We carefully planned a pre-procedural virtual simulation using virtual 3-D data (Fig. 5B). The postero-lateral approach was used and the appropriate angle and direction of the needle that reached the lower L5 anterolateral surface of the vertebral body from the entry point starting near the L4 vertebral body was investigated. The relative position of the C-arm was recorded when the needle was viewed as a point (Fig. 5C). The antero-posterior view of the virtual X-ray was saved, as shown in Fig. 5D. During the next visit of the patient, the C-arm angle was adjusted to obtain the same view as shown in Fig. 5C and inserted the actual 25-gauge needle as a point without difficulty (Fig. 5E). The location of the needle was confirmed with the contrast medium in the anteroposterior view as shown in Fig. 5F.

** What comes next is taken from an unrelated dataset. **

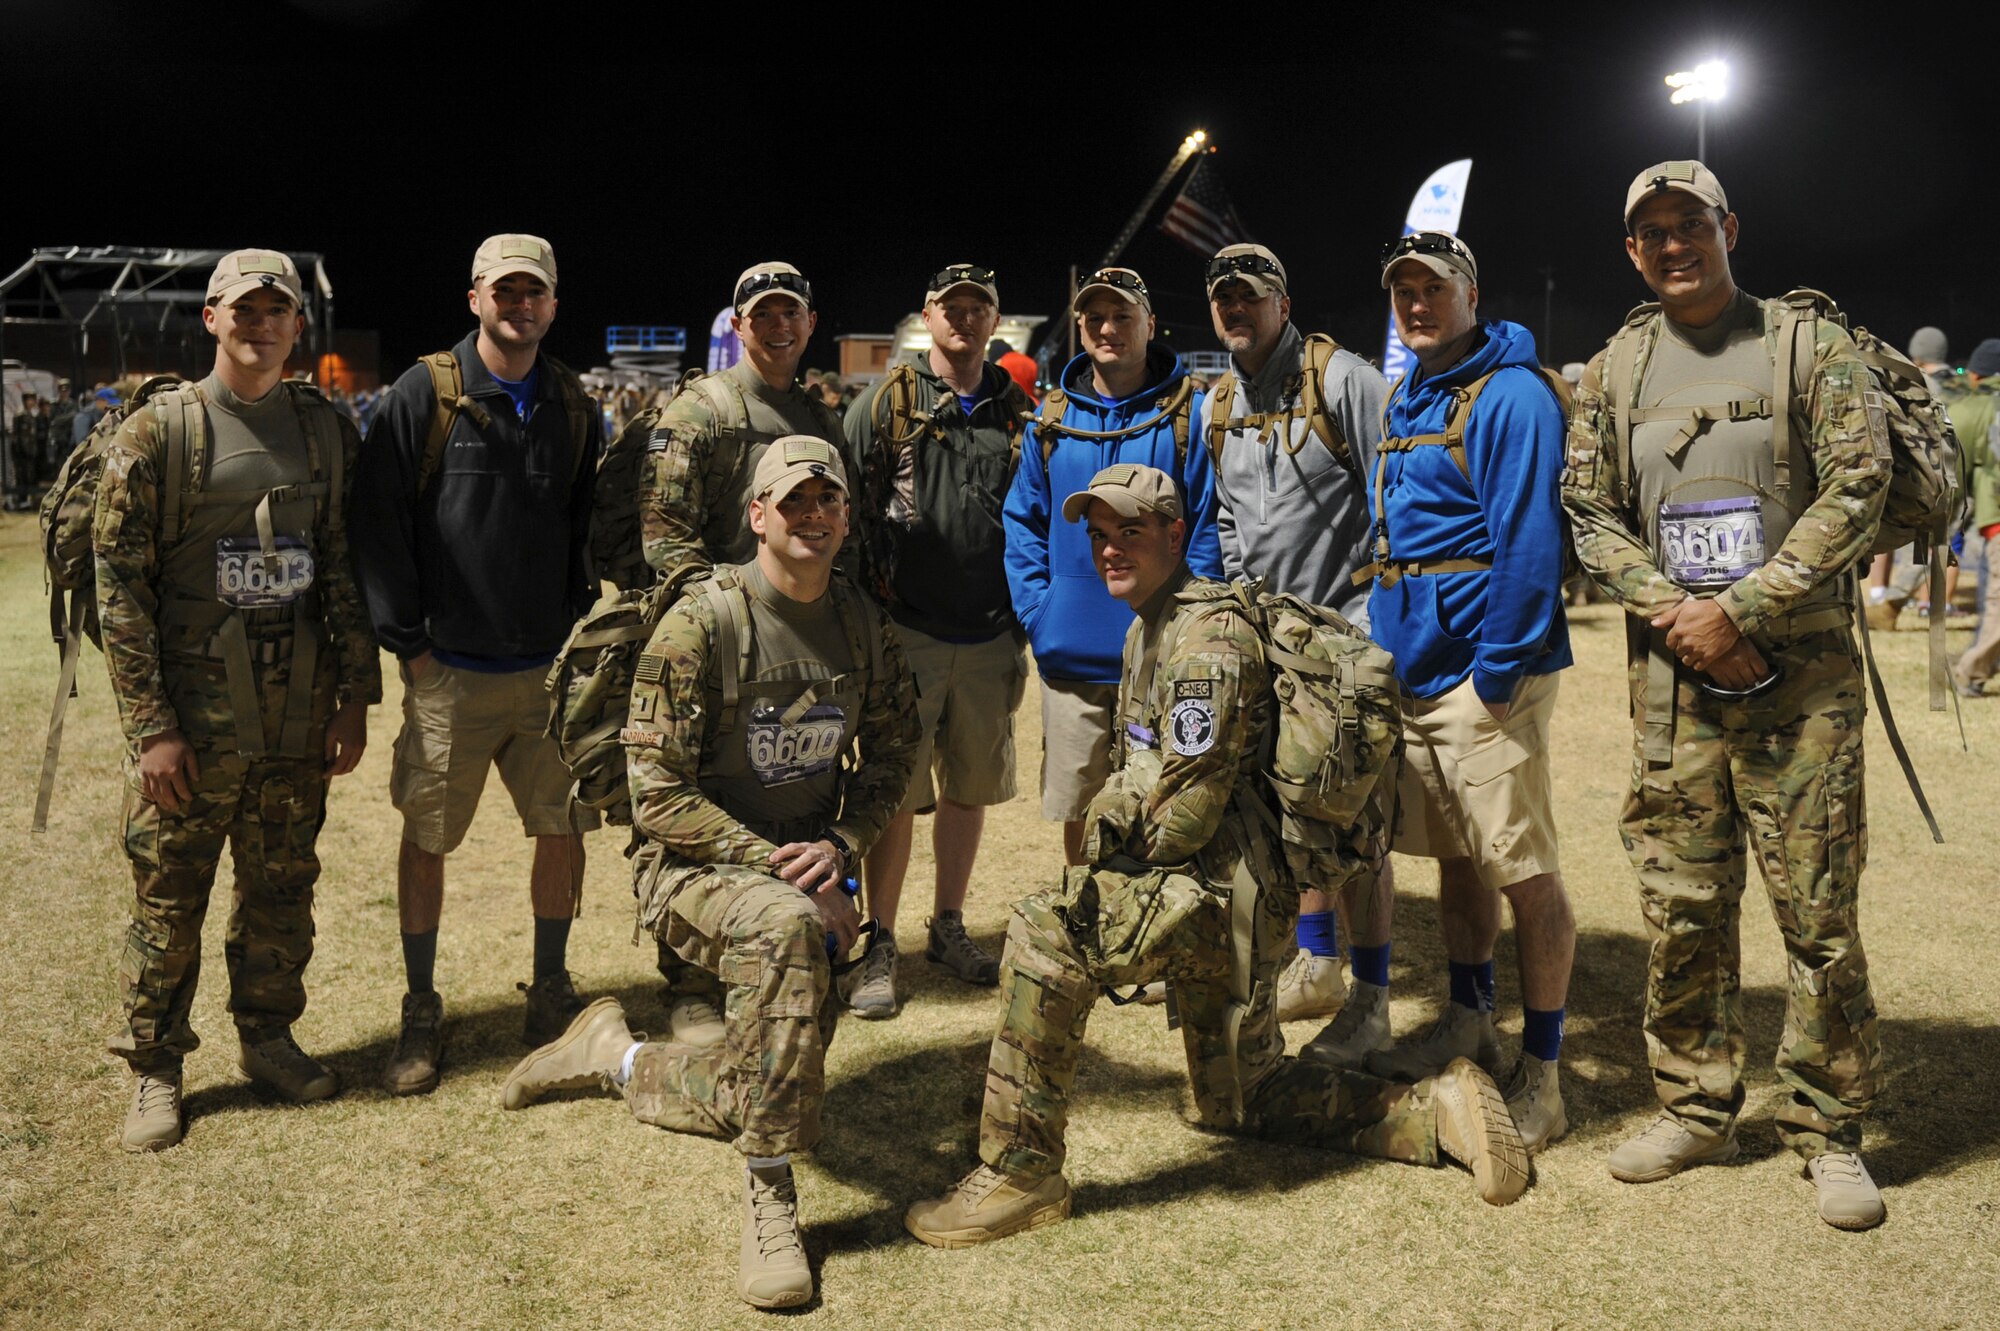 U.S. Airmen assigned to Little Rock Air Force Base, Ark., pose for a photo in the early morning prior to the start of the 2016 Bataan Memorial Death March at White Sands Missile Range, N.M., March 20, 2016. The two teams from the 19th Logistics Readiness Squadron both finished the 26.2-mile march in less than 9 hours. (U.S. Air Force photo by Senior Airman Harry Brexel)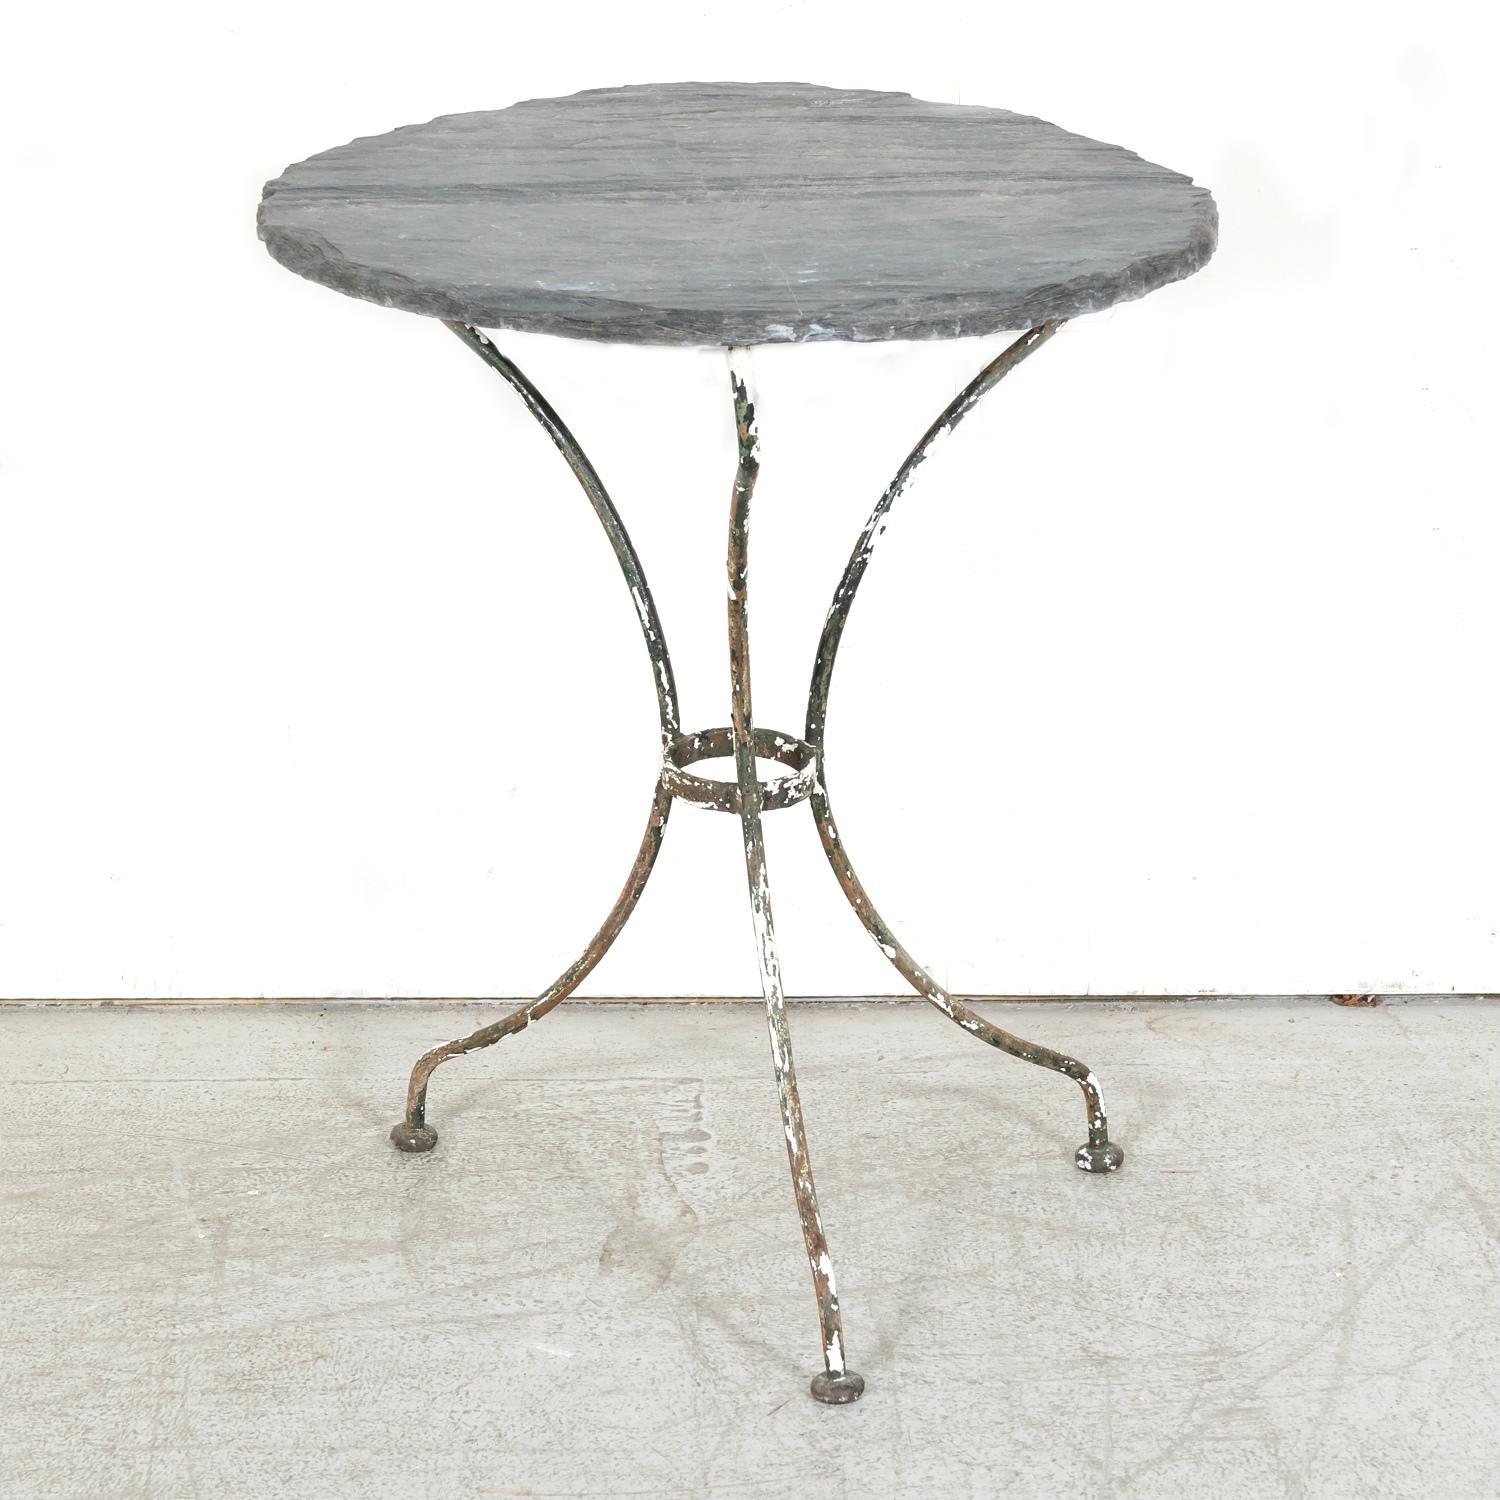 19th Century French Bistro or Garden Table with Round Slate Top and Iron Base In Good Condition For Sale In Birmingham, AL

A 69-year-old woman visited the hospital complaining of pain in the left cheek that had begun suddenly and felt like stabbing and electric shock (as described by the patient). A pain a score of 8–9 was assigned by the patient on the numerical rating scale. The pain lasted for 1–2 minutes and became worse with cold stimuli and on eating. A diagnosis of trigeminal neuralgia was established and a Gasserian ganglion block was planned using an anterior approach to relieve the symptoms of the patient. However, in this procedure it is often challenging to identify the target point (i.e., the foramen ovale) even with aid of fluoroscopic guidance, and due to her degenerative changes near the target, there was a fear of injury to important nearby structures. A pre-procedural virtual simulation was attempted to understand the complex structures of the skull. The skull bone was embodied in a virtual simulation using head CT. After accurately positioning the needle in the foramen ovale (Fig. 6A and B), the virtual C-arm was adjusted to view the needles as a point and saved the lateral view (Fig. 6C and D).

Subsequently, when the patient visited the hospital, the foramen ovale was approached as implemented in the virtual simulation, and the procedure was performed easily without complications (Fig. 6E and F).